At around 11 pm or so, my cheek started hurting where I had been “stung”. At about midnight, the pain was almost unbearable. It was so bad I wanted to cry out loud! But it was so late at night, there was nothing to be done.
All the clinics were closed anyway, and at the time I never thought of admitting myself to the A&E of a hospital, like someone suggested I should have when I told him this story months later. Anyway, I thought the best thing to do was to go to sleep and see the doctor in the morning.
It wasn’t easy to sleep at first, but as suddenly as the pain had started, it went away. I felt so relieved that I fell asleep right away.
The next morning, I went to the mirror and had a shock. My family too was shocked. The welt had swelled into something awful, my cheek was really puffy. But there was no pain, none at all.
I had a quick breakfast and my mother rushed me to the doctor. At first, the doctor also said it was probably just an allergic reaction to some insect bite and he applied some ointment, saying the swelling would go away in a couple of days.
That night, at exactly 11 pm, my cheek started hurting again at exactly the same place. I was beginning to get suspicious. Why did my cheek hurt only at night? And the ointment didn’t seem to be working either. Again, later in the night, the pain disappeared as suddenly as it had appeared.

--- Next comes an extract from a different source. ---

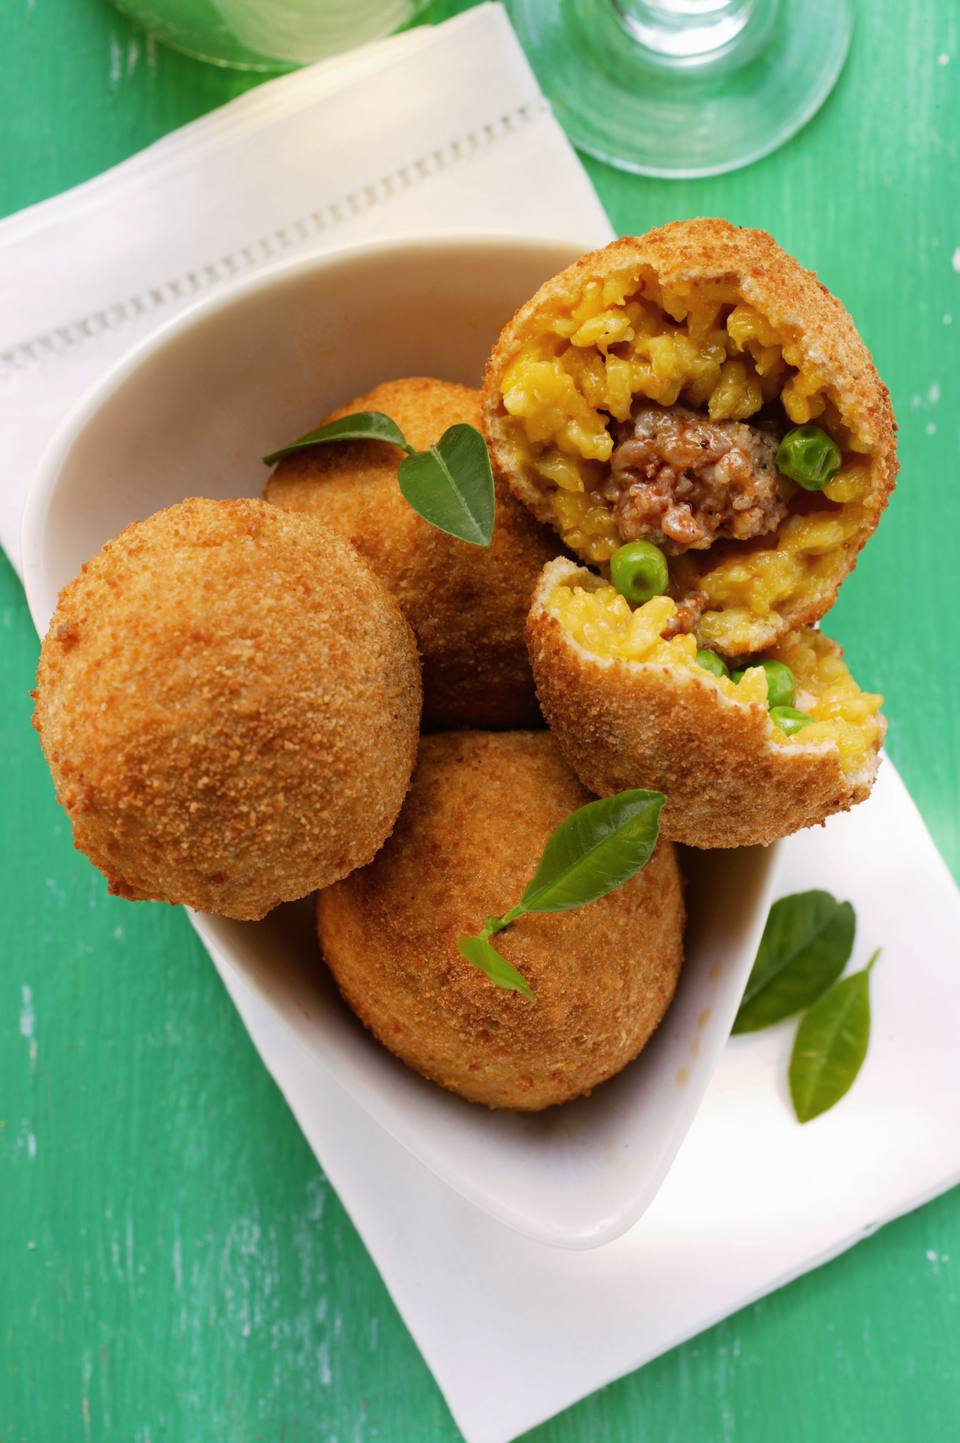 Arancini, Sicilian Rice Balls Stuffed with Meat Sauce and Peas

The next morning my cheek was even more swollen. It was so puffy that it was affecting my ability to open my left eye. But strangely, there was no pain. Now, we were really worried. My mother told me not to go to school and that we would go to the doctor’s instead. I was glad my classmates were not going to see me like this.

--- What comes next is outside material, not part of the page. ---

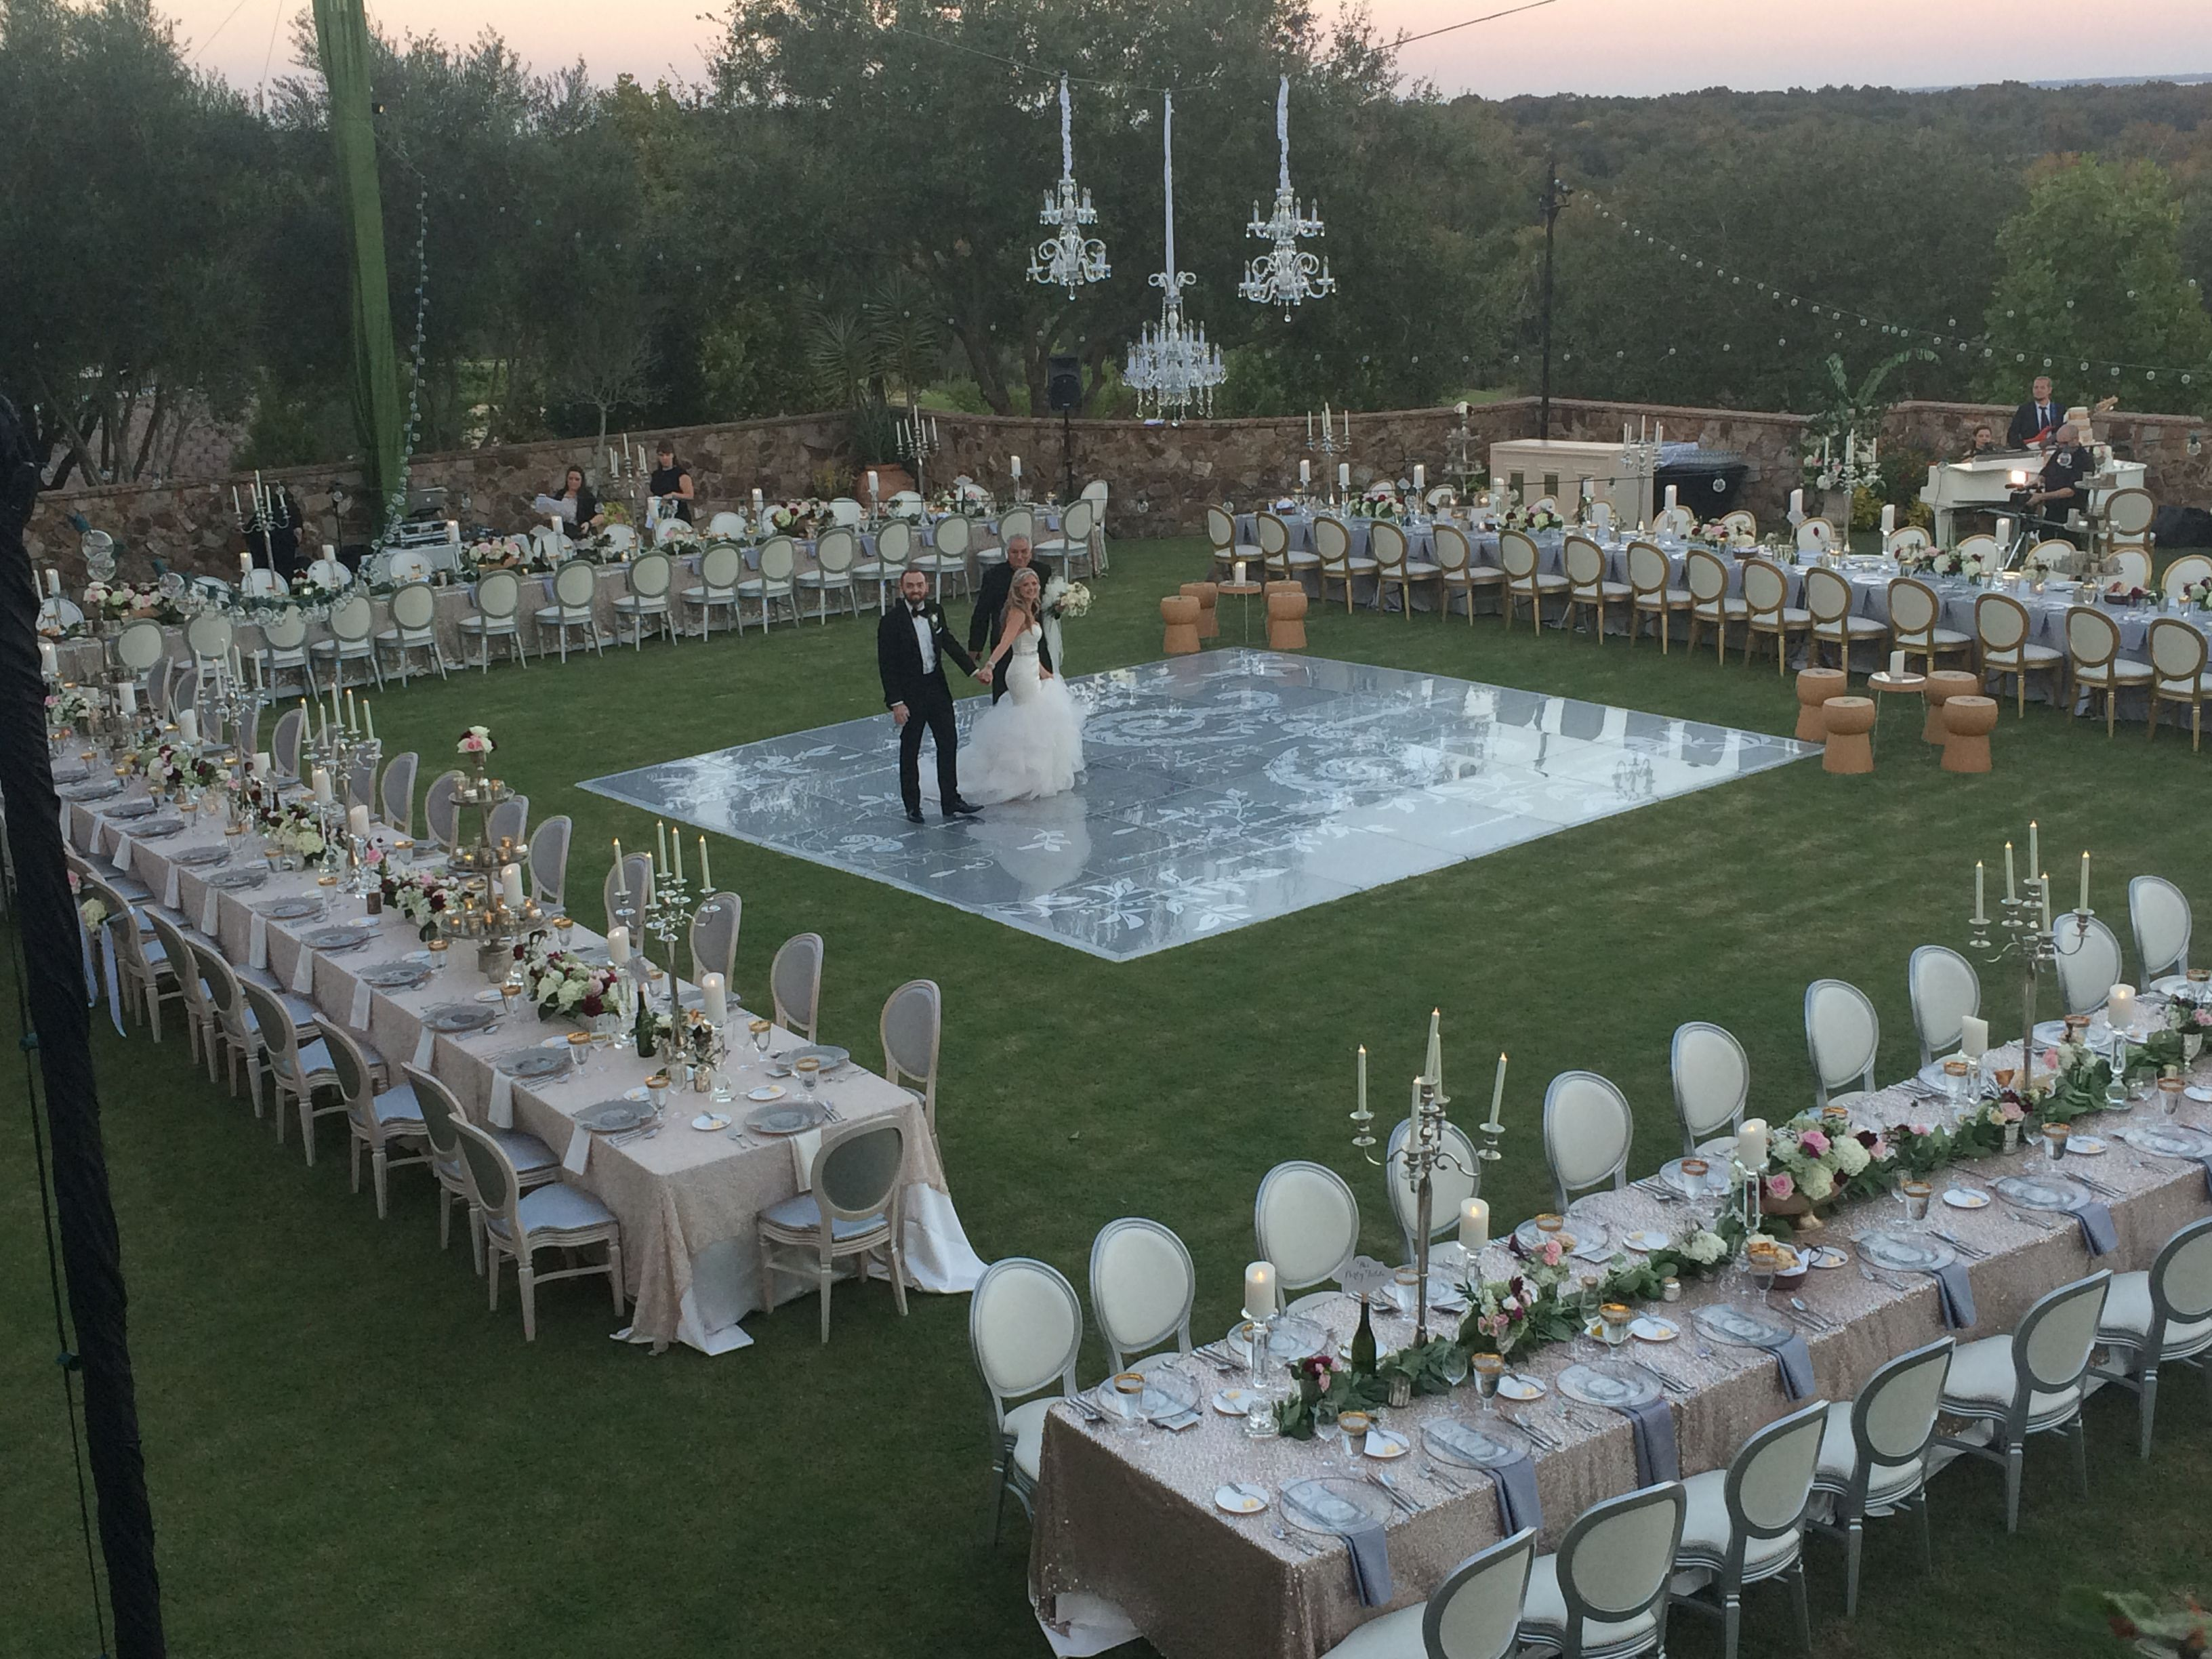 Our Outdoor Wedding Reception

At the doctor’s, I was quite mad to hear the doctor say he didn’t know what the problem was. Surely he could do something, I thought. But he just said, give the ointment more time and come again tomorrow for another check-up.
Luckily my mother was too upset to take the doctor’s advice. She called up an auntie of mine and told her the problem.
The auntie very kindly came over to my house to have a look. Her first reaction was, “We better do something about this quick!”
My auntie took my mother and me to a medicine man she knew. The medicine man looked hard at me, listened to my story, did some chanting and all his mumbo-jumbo and then told us what the problem was.
“Your daughter is quite lucky,” he began, “some playful spirit has just pinched her face. If she had been slapped properly, she could have died. This, however, we can fix.”
He did some chanting over me, gave me an ointment and told me to lay off certain foods. No chili food, he said, substitute things like pepper instead. And no burgers and such things.
Fortunately, this medicine man’s treatment worked. In a few days the swelling went down. But more importantly the pain that would come only in the night stopped from the day after we saw him.
I still go for my cross-country runs through MacRitchie even though my mother doesn’t like me to do that, but now I always run together with friends.